Roberto Machado Noa/Getty Images

(NEW YORK) — Sesame has joined the U.S. Food and Drug Administration’s list of major food allergens and will soon be added to labels of packaged food to protect consumers.

The eight initial food allergens that cause the majority of serious food-related allergic reactions — all established in 2004 — include milk, eggs, fish, crustacean shellfish, tree nuts, peanuts, wheat and soybeans, according to the FDA. Sesame is the ninth food to be added to the list.

As of Jan. 1, 2023, the agency stated that sesame is required to be labeled as an allergen on food packages, including dietary supplements.

“Even though the requirement that sesame be listed on the label as an allergen is in effect — you still may find food products for sale that don’t list sesame as an allergen on the label,” the FDA stated. “The law establishing this sesame labeling does not require food products that were already on their way to the store or in stock before 2023 to list sesame as an allergen on the label.”

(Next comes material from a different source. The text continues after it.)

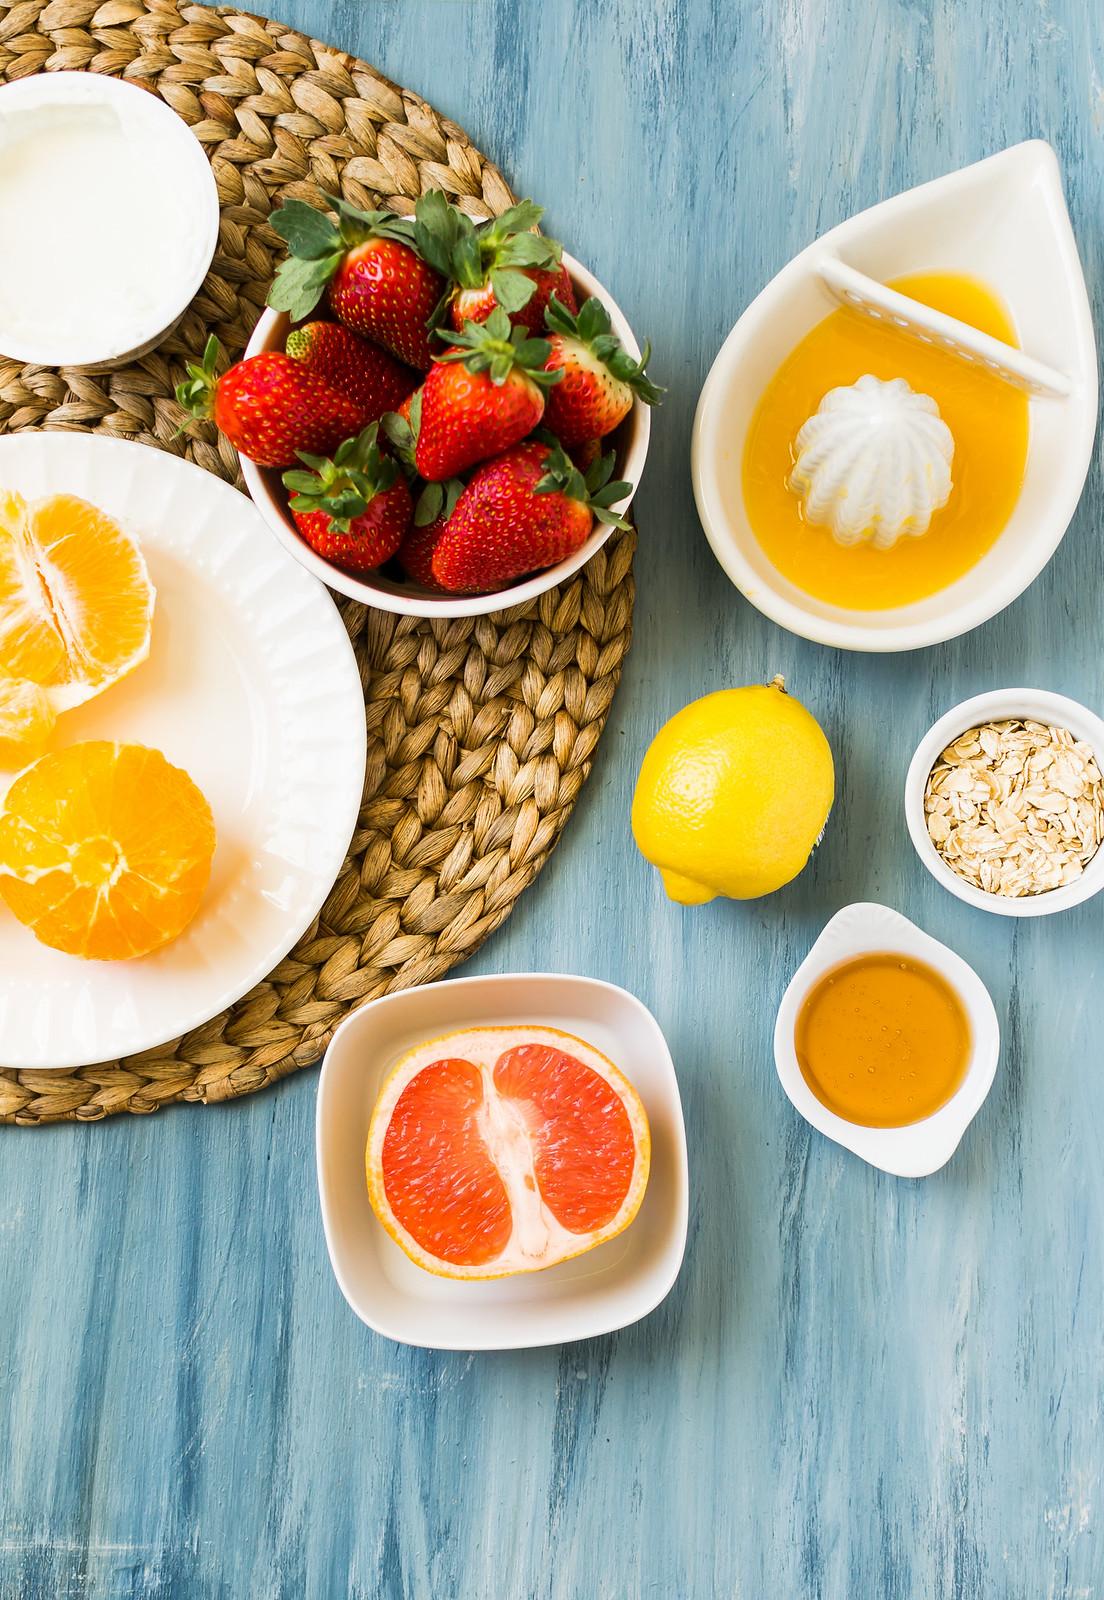 Skinny Sunrise Breakfast Smoothie Ingredient Spread

During this transition period, consumers should note that food products on store shelves that were produced prior to Jan. 1 will not be removed or relabeled.

“Because some packaged foods can have a long shelf life, it’s hard to say when pre-2023 stock will be replaced with food products carrying the required labels,” the FDA statement continued. “So, proceed with caution during this transition period.”

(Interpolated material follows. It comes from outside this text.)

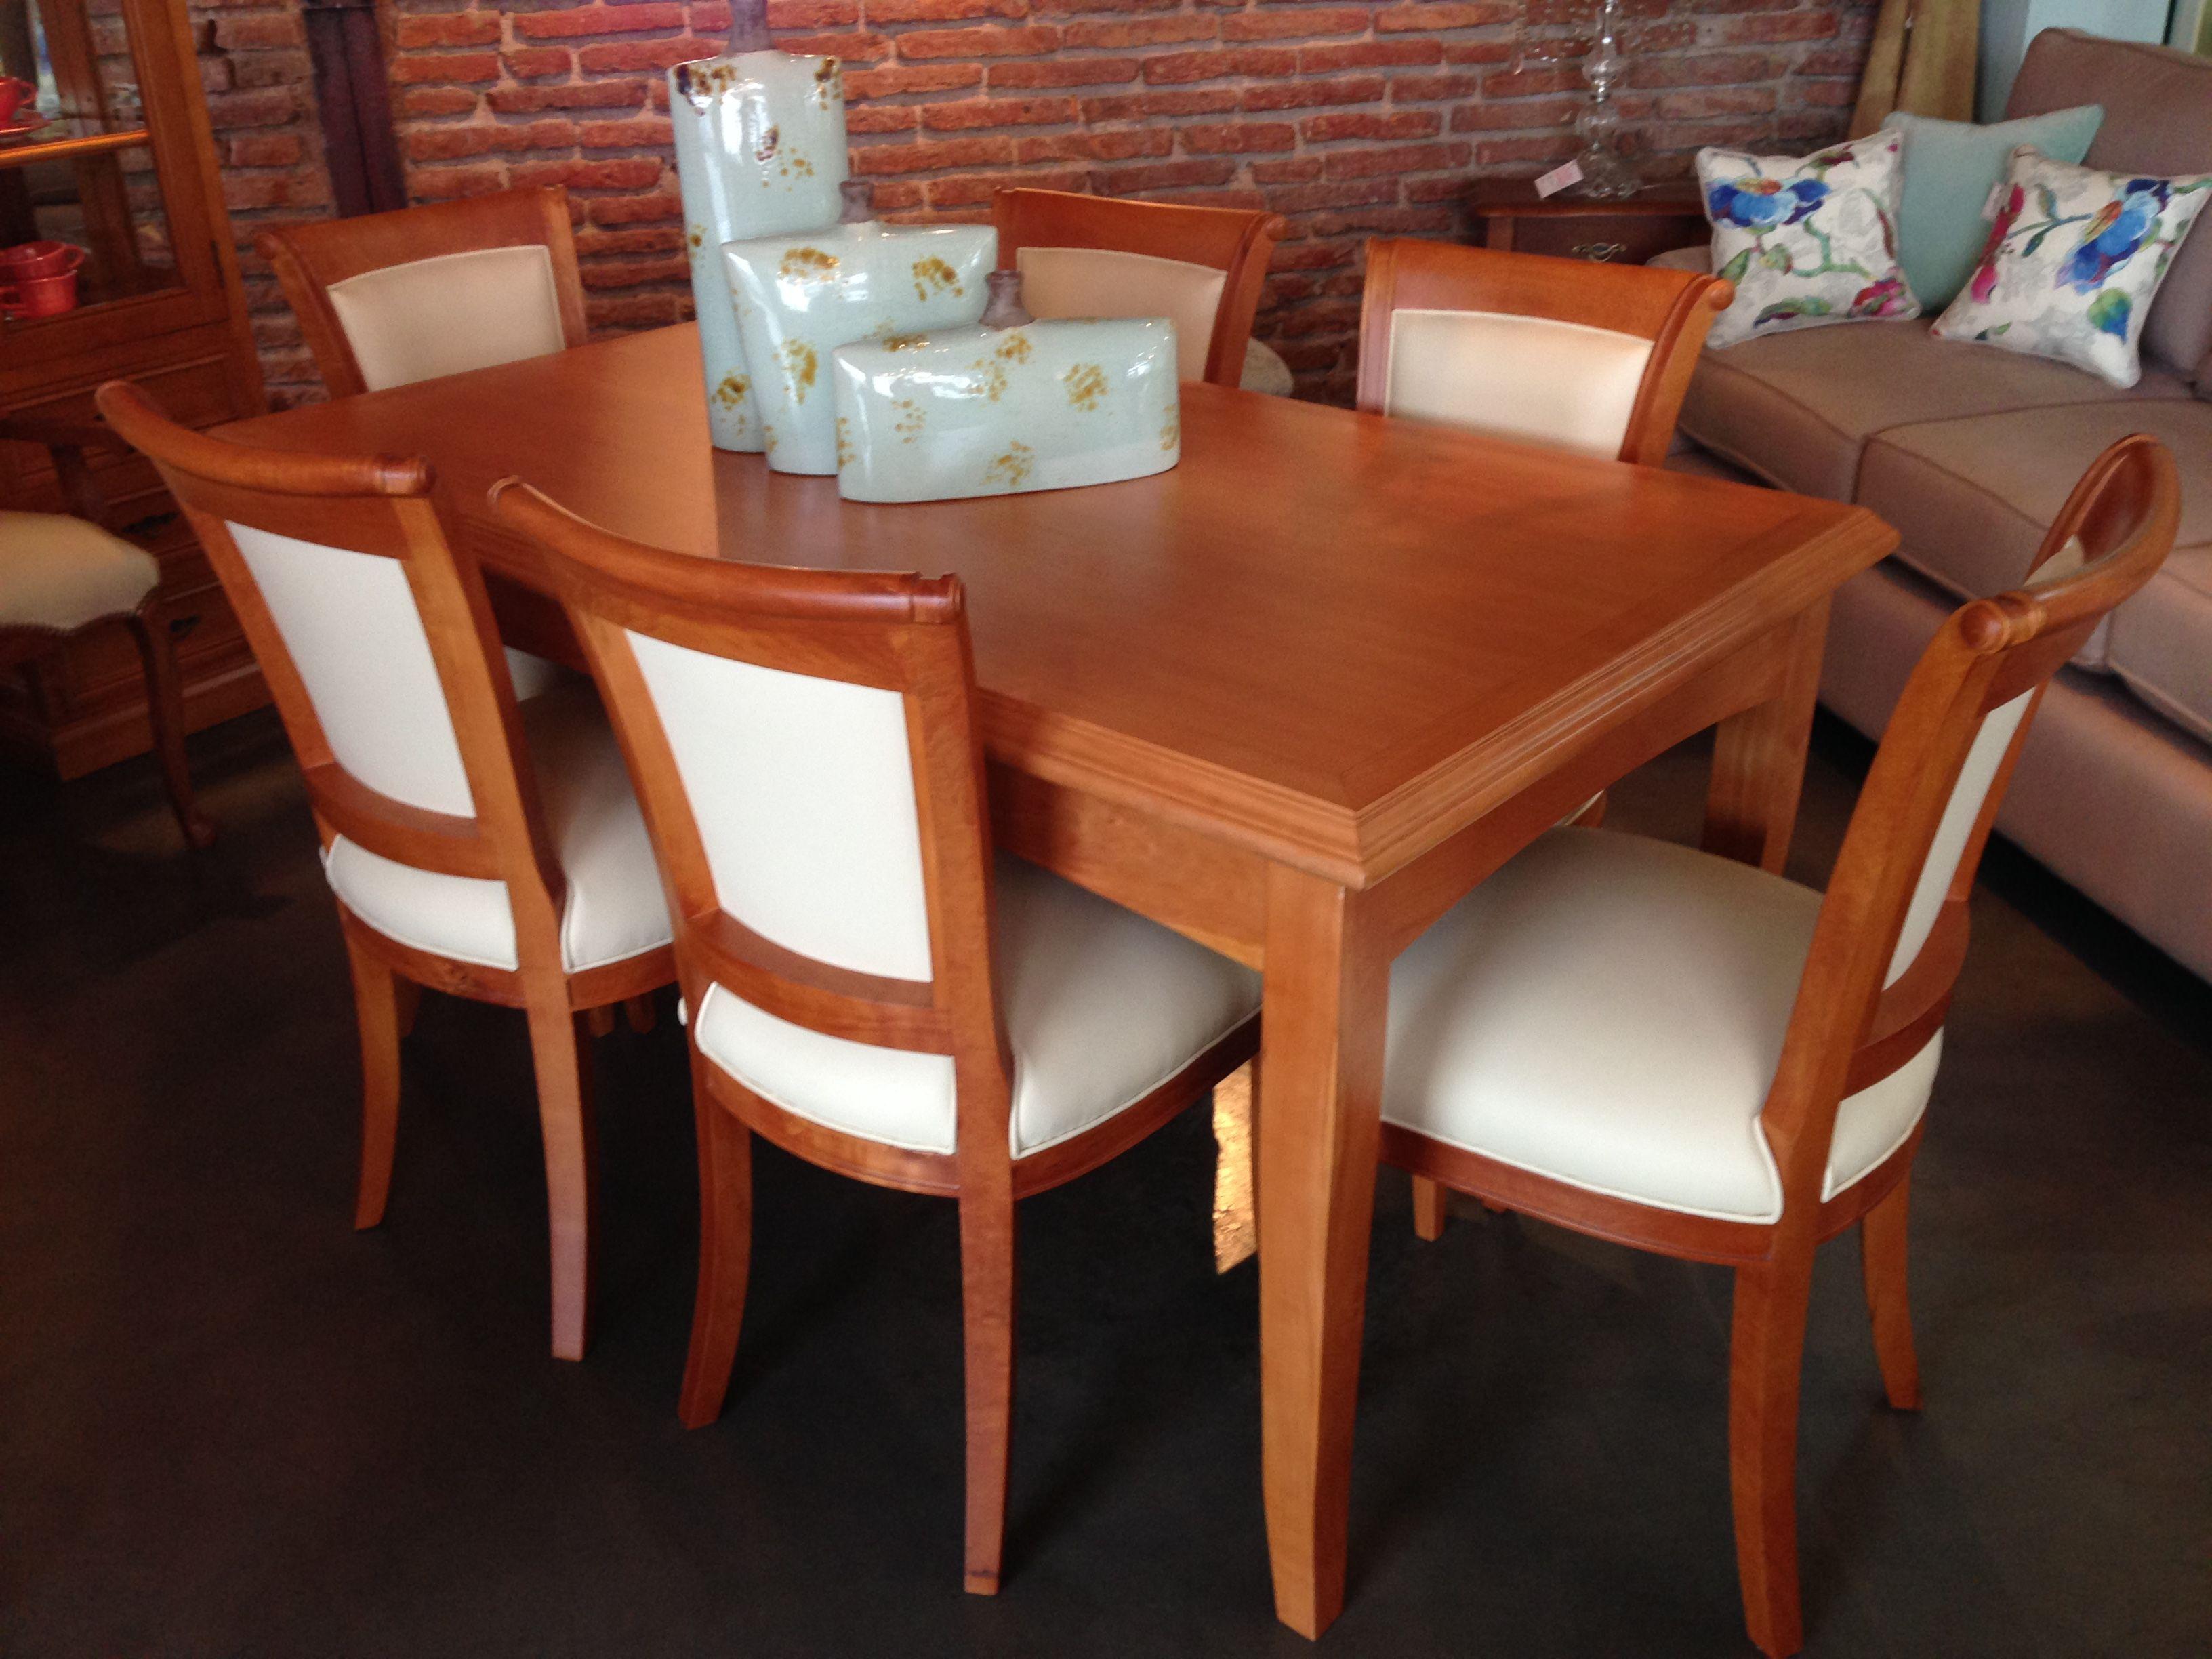 Mesa de comedor Italiana con sillas Fragata | Comedores | Pinterest

The FDA also said that this serves as an important reminder for shoppers to always check labels on food products each time, since labels and ingredients can change, even if it’s a staple you’ve eaten before without an allergic reaction.

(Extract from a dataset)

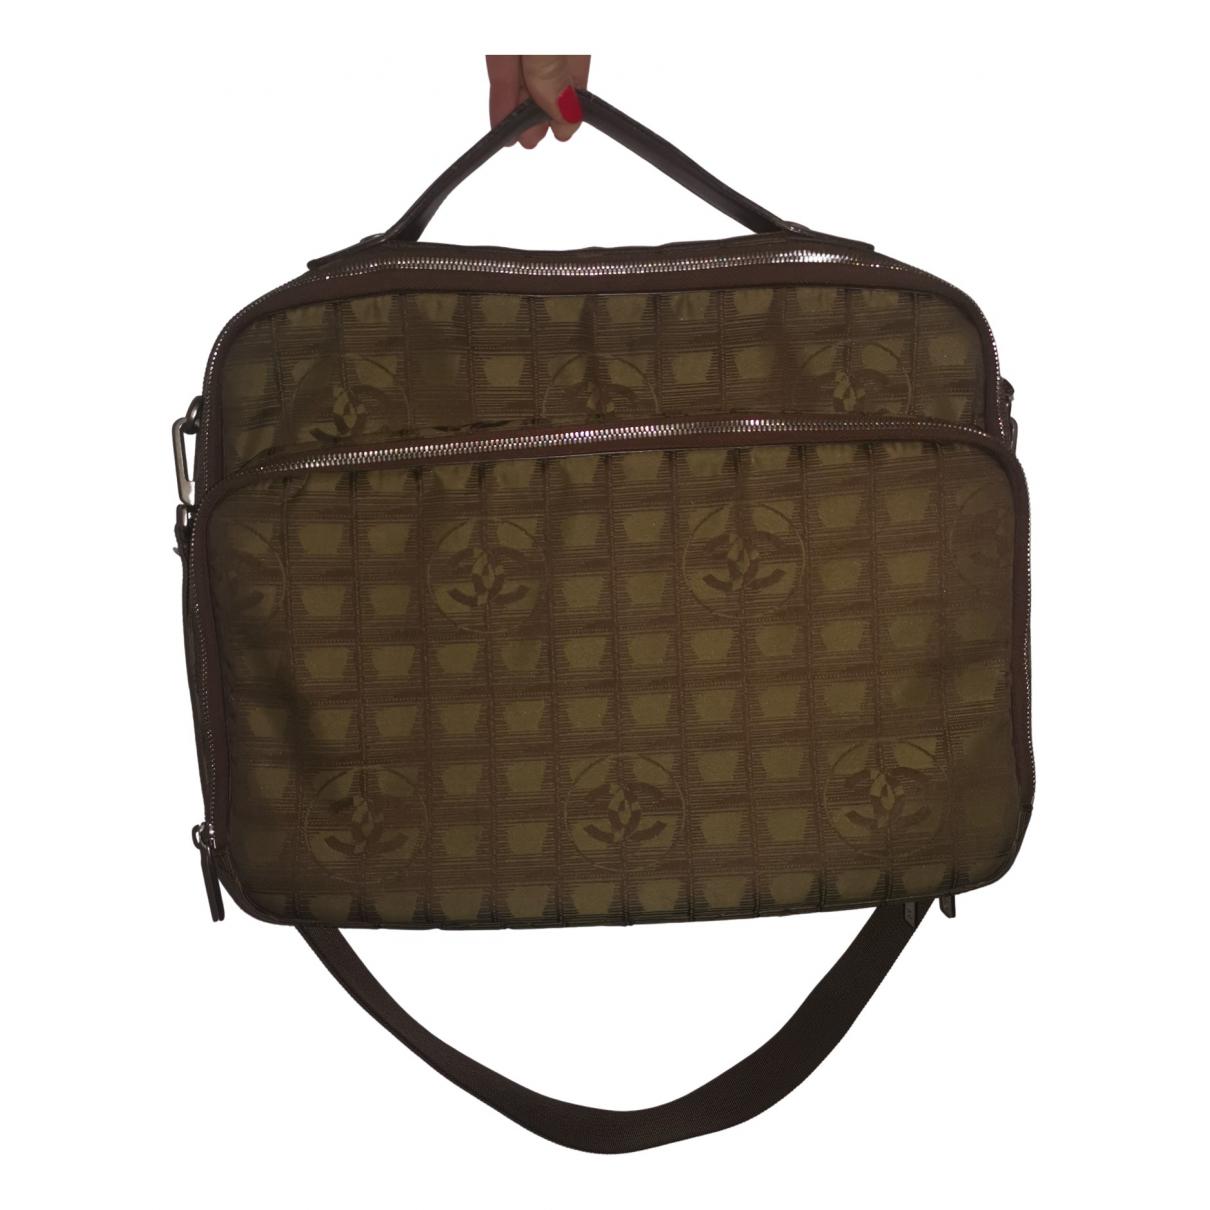 Chanel \N Handtasche in  Beige Leinen

With the new labeling requirements, the name of the food source of a major allergen must appear either in parentheses following the name of the ingredient, such as “natural flavor (sesame),” or immediately next to the list of ingredients, such as “contains sesame.”

“Sesame has always been required to be listed in the ingredient statement if it was an added ingredient, with a few exceptions,” the FDA explained. “Now that sesame is a major food allergen, the FDA expects that it be specifically listed as sesame on the label if it’s part of another ingredient, like ‘natural flavor,’ or ‘spice mix.'”

The new sesame labeling requirements apply to packaged foods, but allergen labeling for foods that aren’t packaged, like fresh bagels in a grocery bin, may vary. For customers with allergy concerns, the FDA suggests asking store employees for food allergen information.

The change was made through the Food Allergy Safety, Treatment, Education, and Research (FASTER) Act, a federal law passed in 2021. The other eight major food allergens were defined through a federal law passed in 2004.